## Work instructions
Without including any pictures, copy every line below exactly.

## Information provided
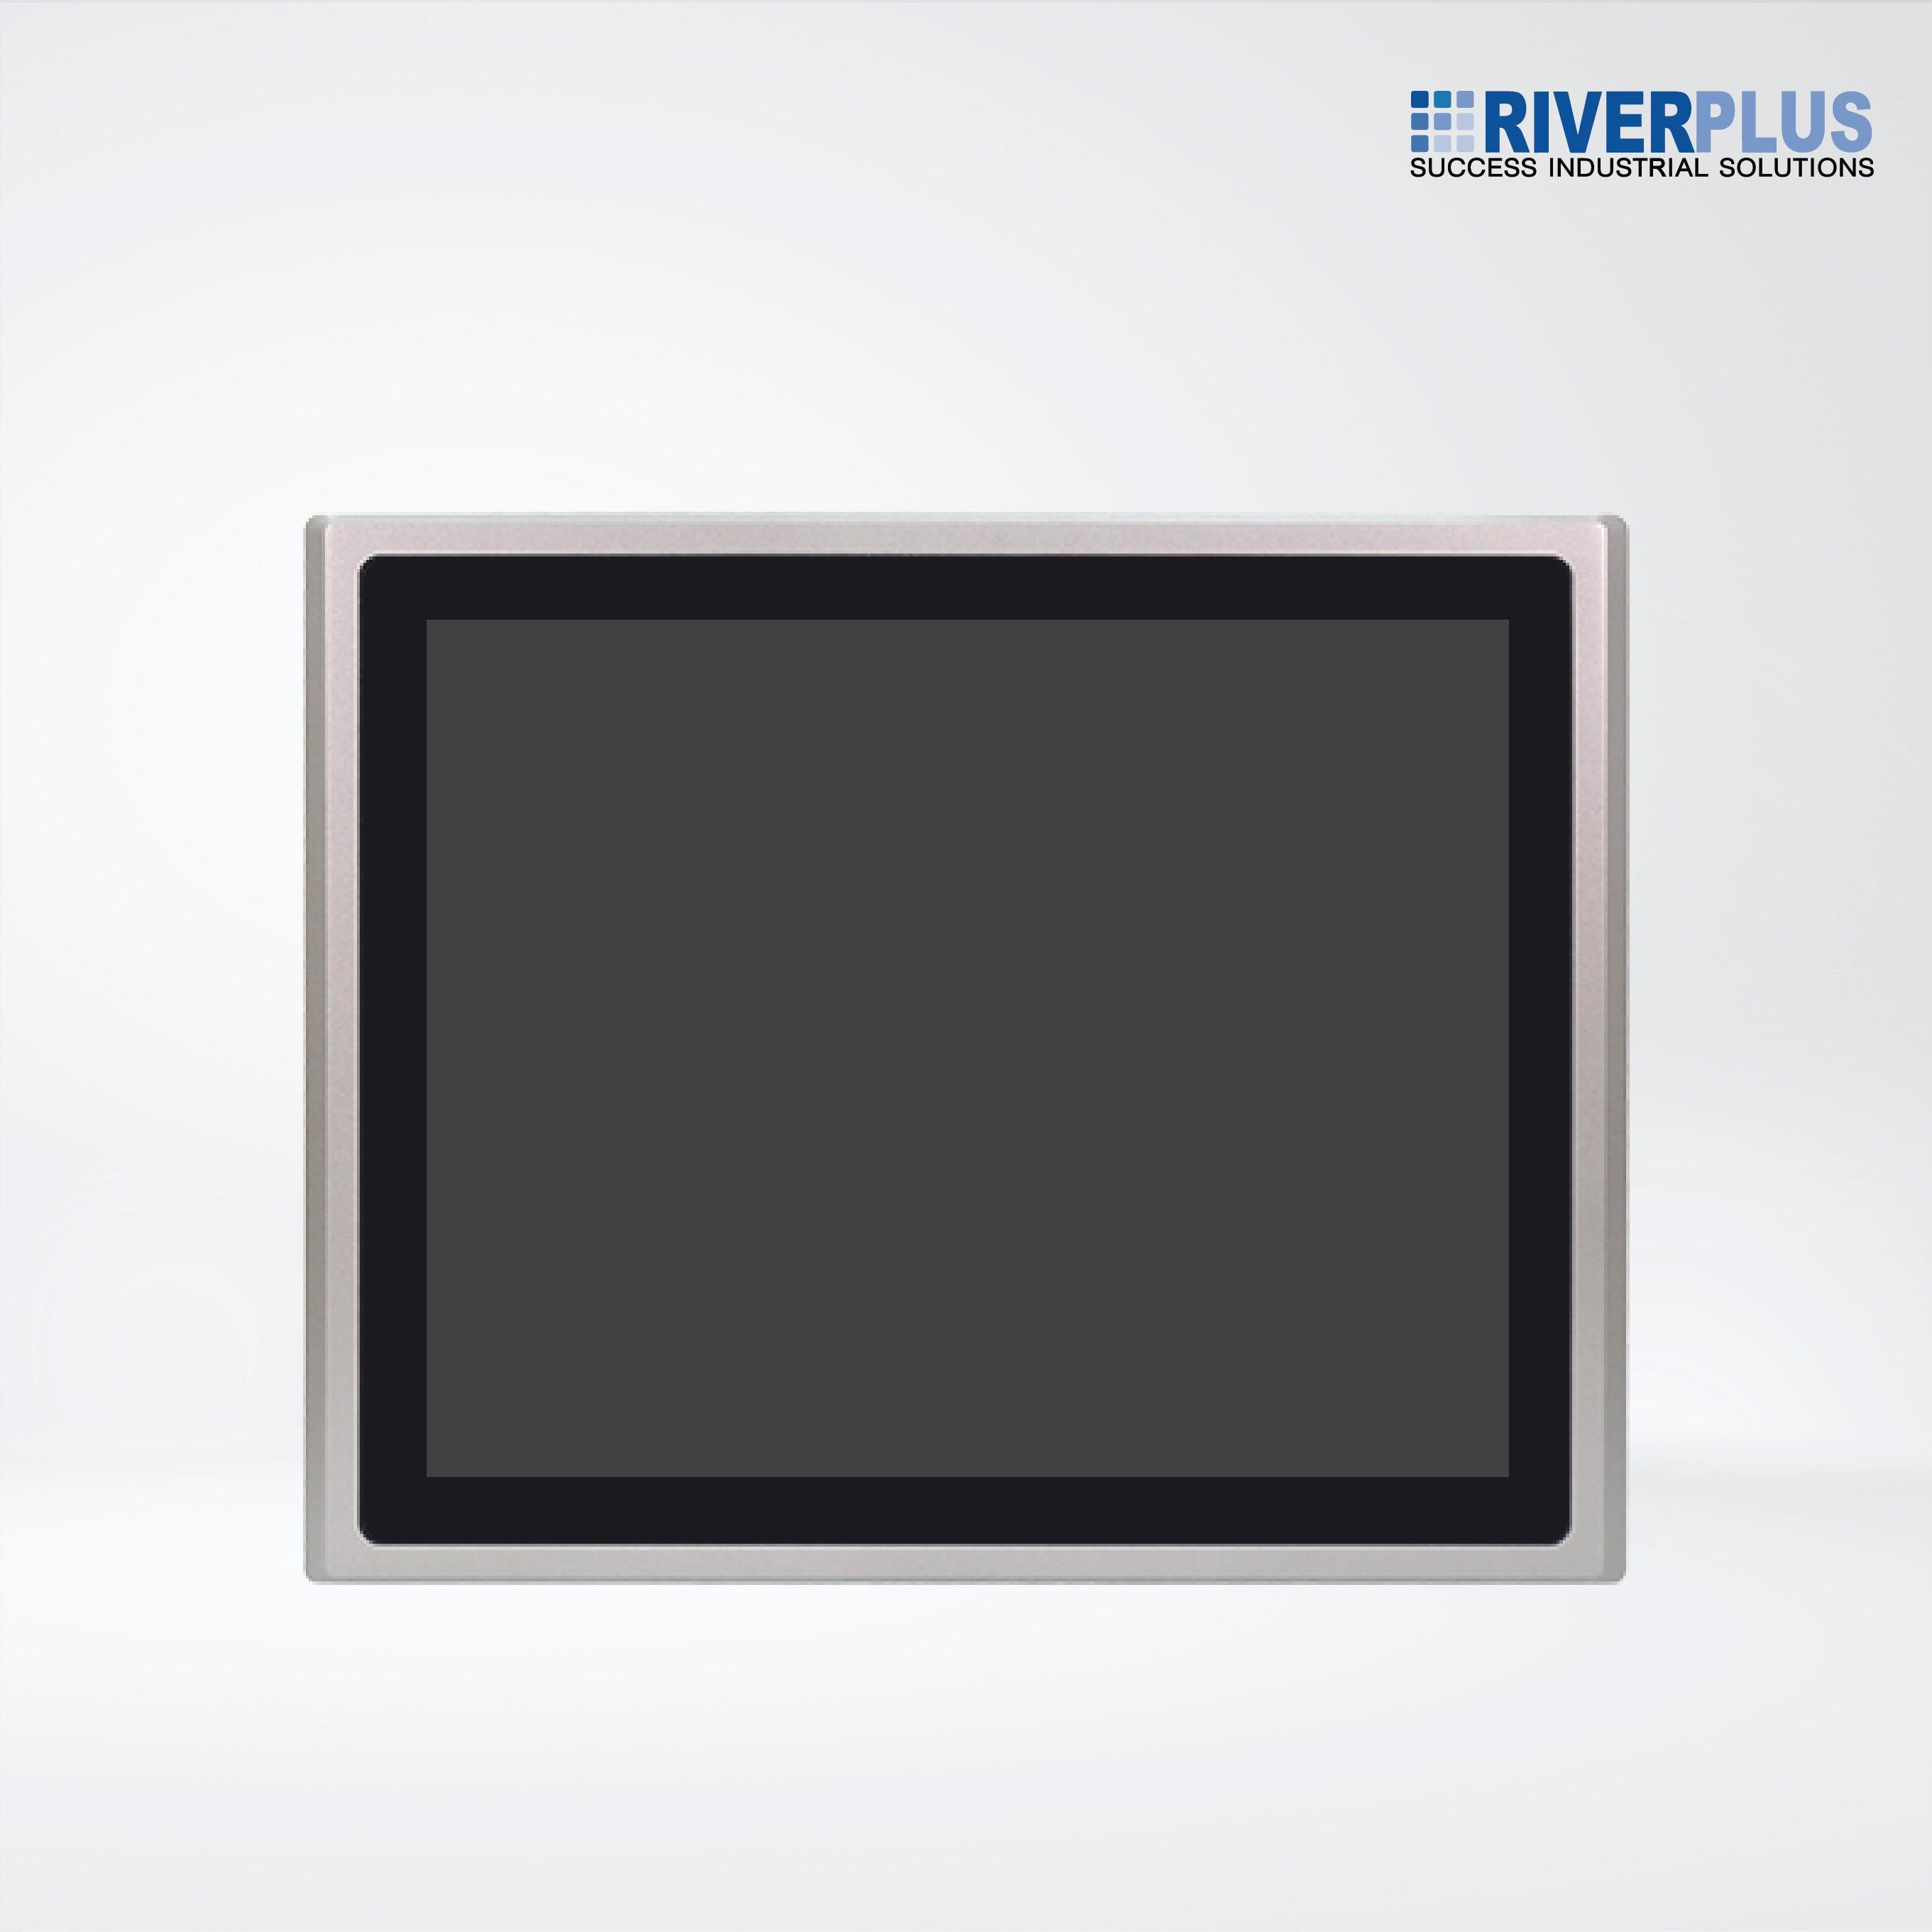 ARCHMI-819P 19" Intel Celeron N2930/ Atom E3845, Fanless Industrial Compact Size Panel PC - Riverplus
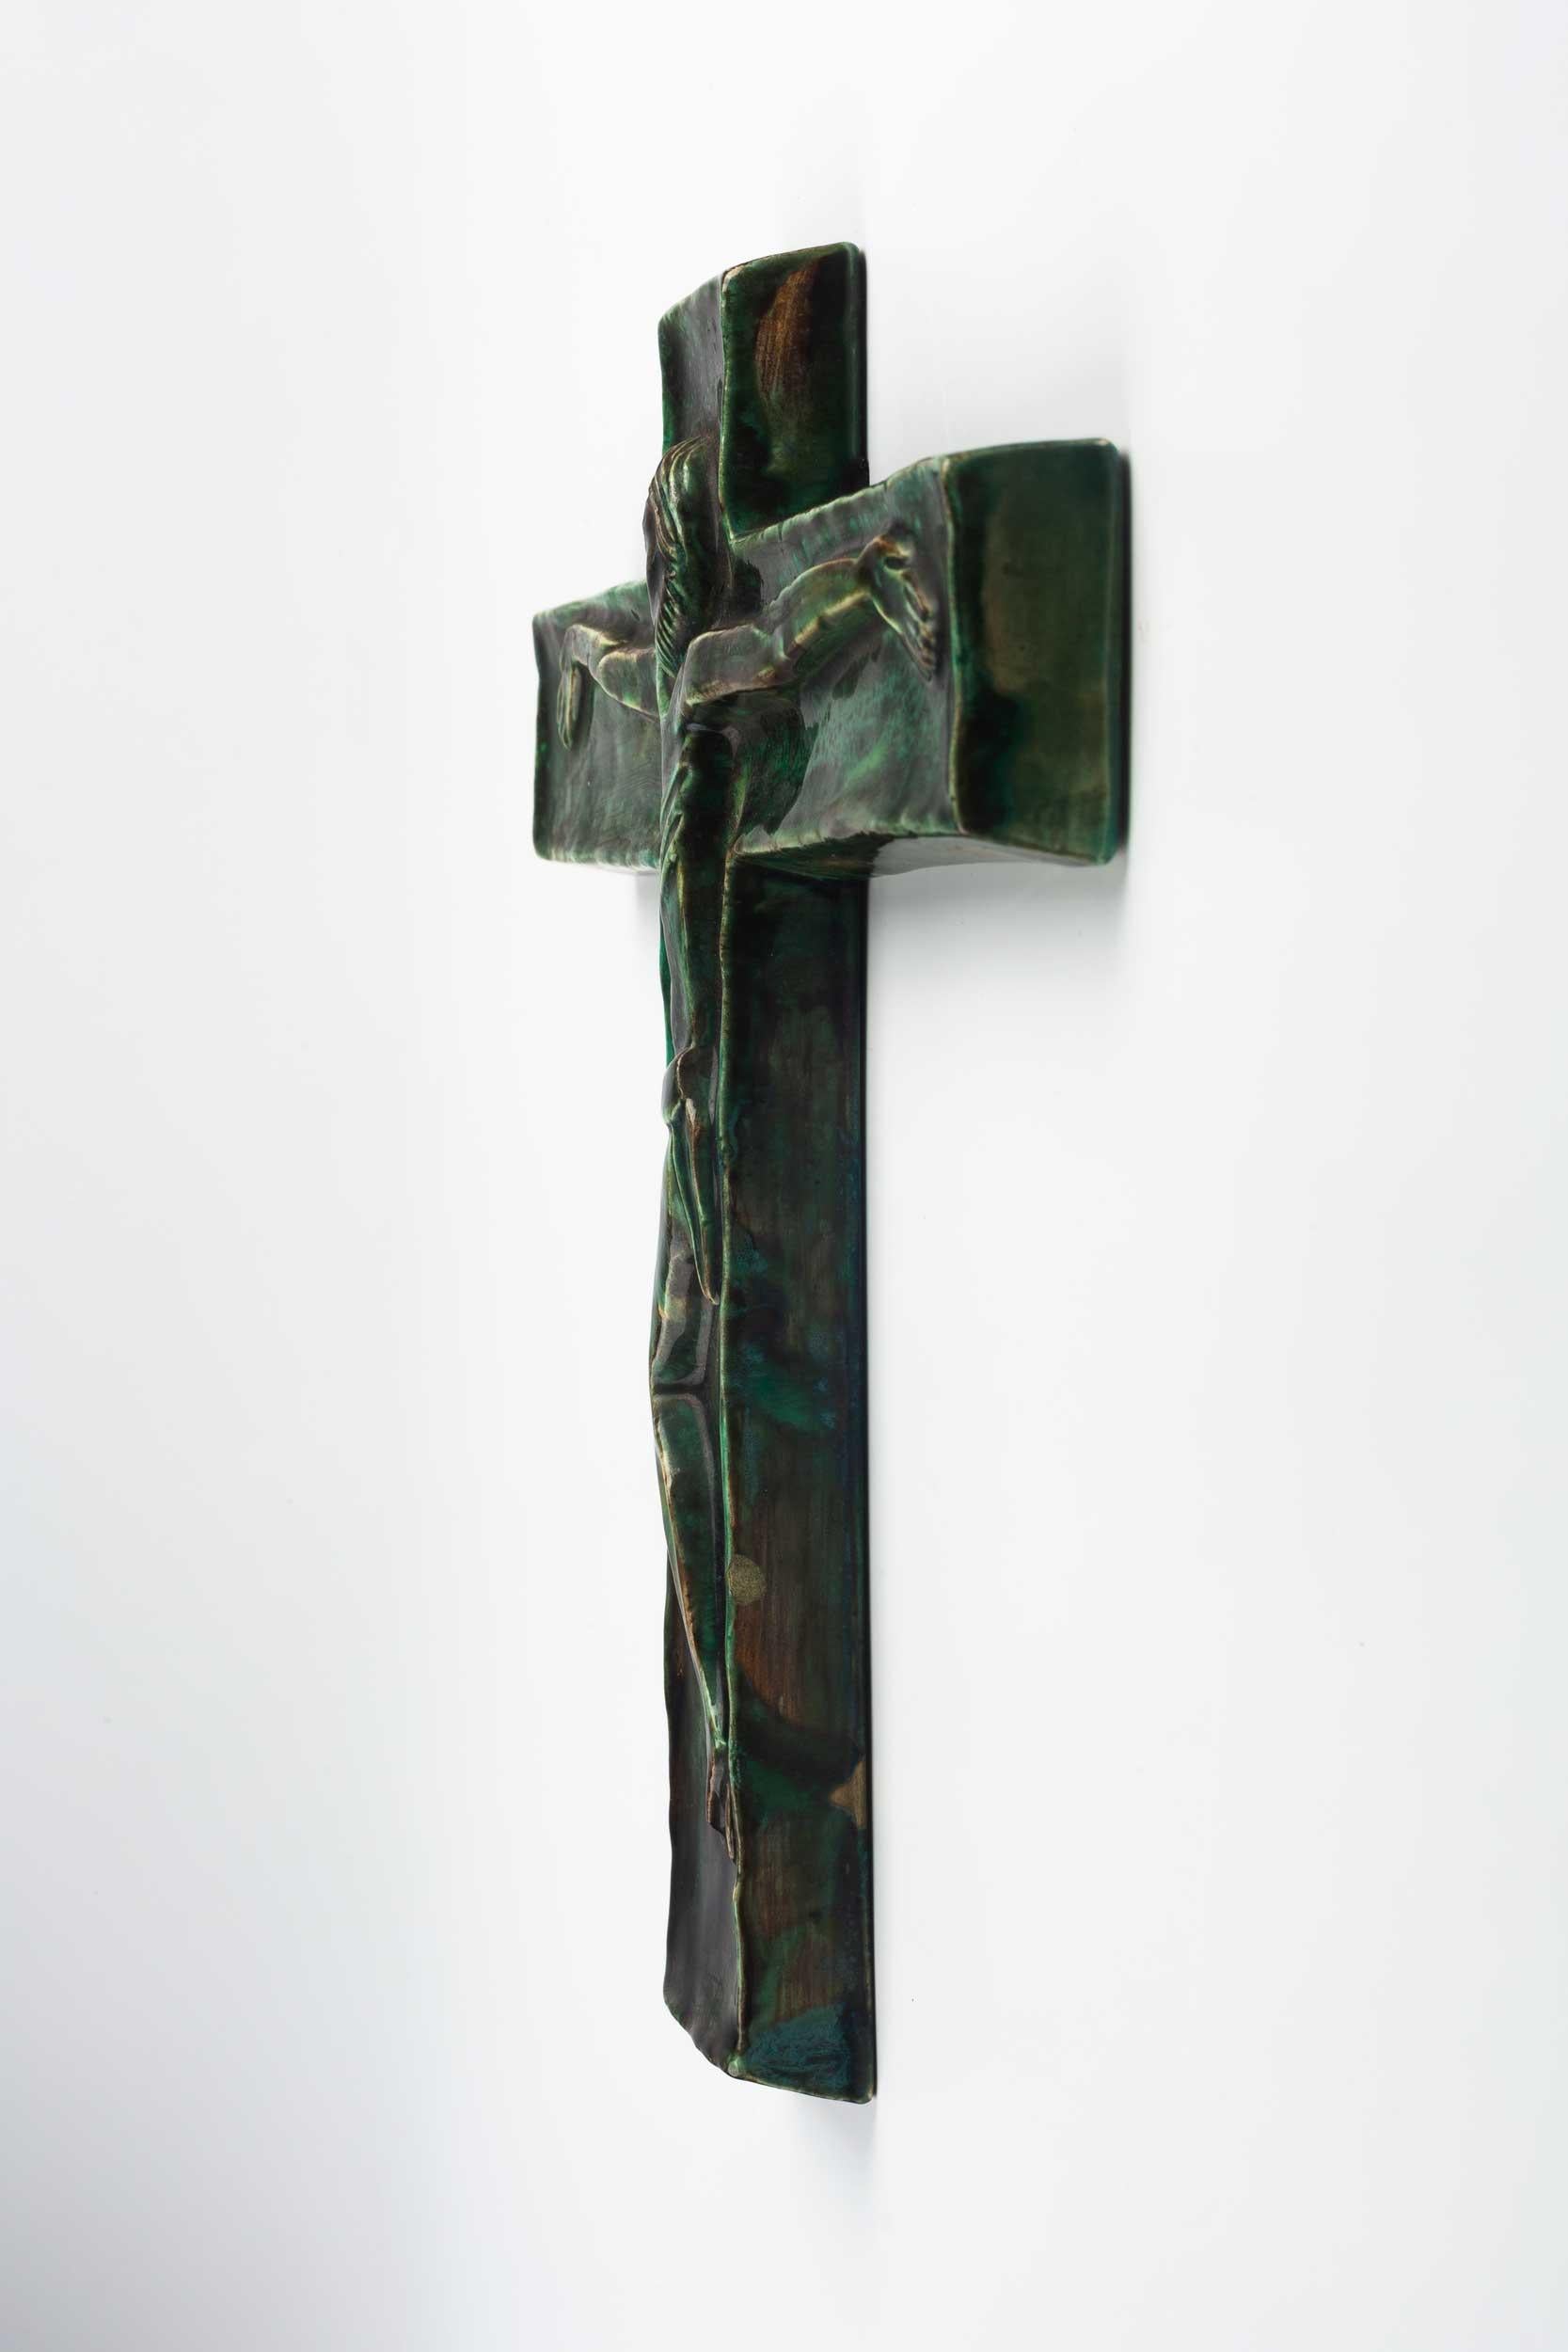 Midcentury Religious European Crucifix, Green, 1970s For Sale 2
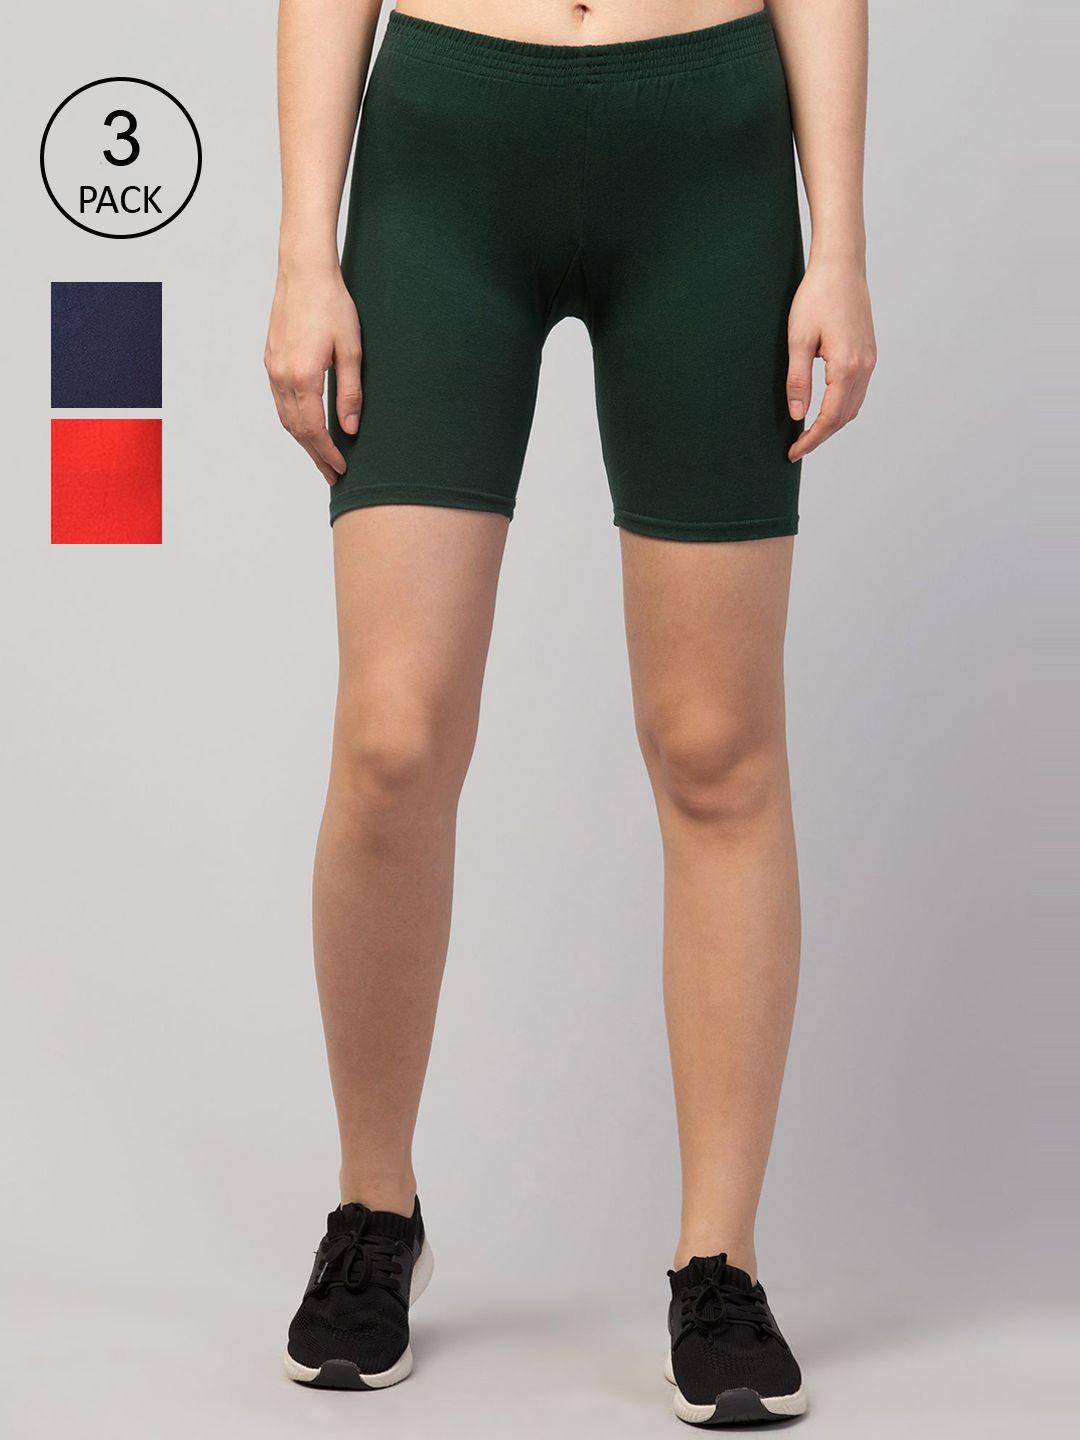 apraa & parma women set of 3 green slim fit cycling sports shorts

## Task result
 ARCHMI-819P 19" Intel Celeron N2930/ Atom E3845, Fanless Industrial Compact Size Panel PC - Riverplus
 Midcentury Religious European Crucifix, Green, 1970s For Sale 2
 apraa & parma women set of 3 green slim fit cycling sports shorts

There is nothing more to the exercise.